Nice, thanks. First pass (feedback welcome, feel free to use some / all / none of it wherever appropriate or valuable).

Request for Help

Please see troubleshooting docs here: https://docs-dev.fast.ai/troubleshoot.html

In order to allow us to help you most effectively, please keep the following in mind:

Please be as specific as possible. Include relevant code, error outputs, etc. “fastai isn’t working” is a lot worse than “I can’t figure out how to use a different sampler in my dataloader”, which is a lot worse than "Here’s a code snippet where I’m trying to use a WeightedRandomSampler, and it’s giving the following error: ..."
Please search your question here on the forums, as well as on Google (bonus points if you include links you found in your search that were helpful but didn’t fully answer your question!)
Please include a (the shortest possible) code snippet to demonstrate what you’re trying to do (for more info, please see https://stackoverflow.com/help/mcve). In the case of Deep Learning problems, consider what’s really needed for someone to reproduce your problem. Does the person helping you need to download your entire dataset, or does a single piece of data work? Or even better, does a torch.ones tensor of the same shape as your data produce the same error?
Please include your system version and setup: are you developing locally on Windows? Remotely on AWS? Please especially include the output of the following command (run from the command line):

python -c 'import fastai; fastai.show_install(1)'

Bug Report

Bug reports are welcome at https://github.com/fastai/fastai/issues/new – but if for some reason you’d prefer to post it here, that’s okay. We do ask that your follow the previous instructions as appropriate – especially giving us the code needed to reproduce your bug is very helpful.

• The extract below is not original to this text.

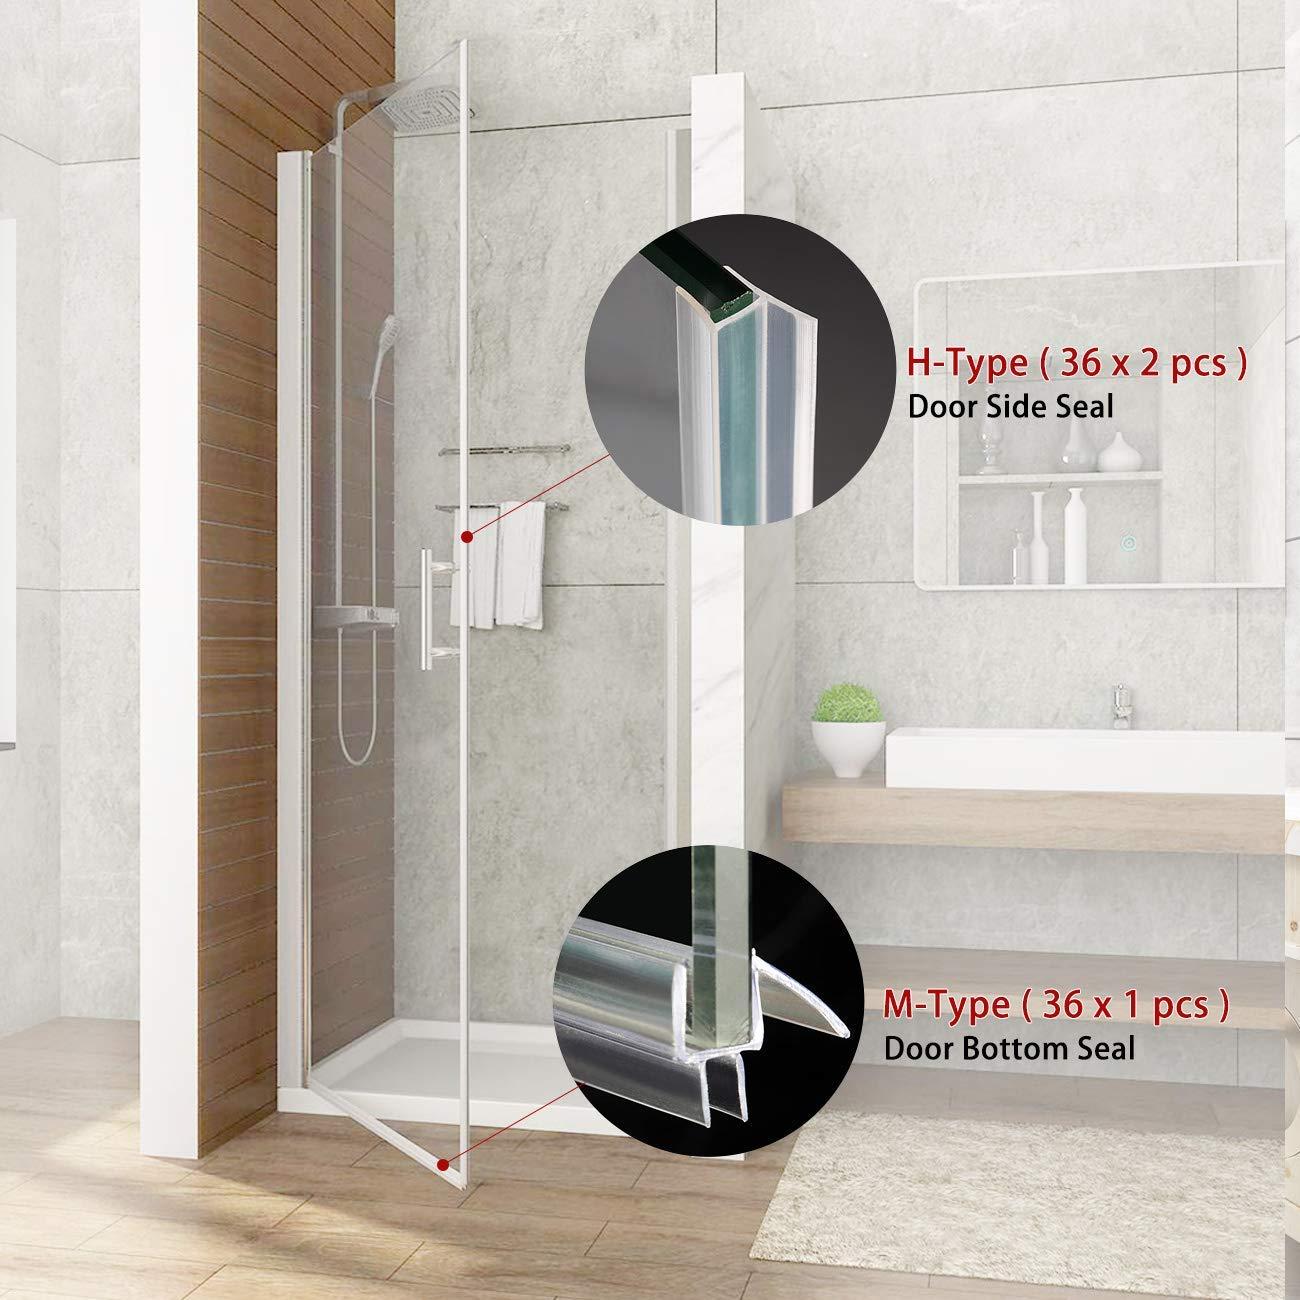 36 Length Frameless Glass Shower Door Seal Strip Glass Door Bottom Strip Set for Door Side and Bottom 1pcs M-Type + 2pcs H-Type MAGZO Glass Shower Door Sweep SET for 1//2 Glass

And remember, we’re all here to help you, but we’re not magic (and also unpaid). We’ll try our best to get you to a solution, and showing that you’re also putting in effort is appreciated.

jeremy · October 31, 2018, 6:15pm

Thanks! Updated guide here:

The biggest issue now is that the ‘troubleshooting’ page only covers local installation - not troubleshooting for gradient/gcp/etc. So a really help PR would be something at the top that points people to the setup guides on course-v3.fast.ai.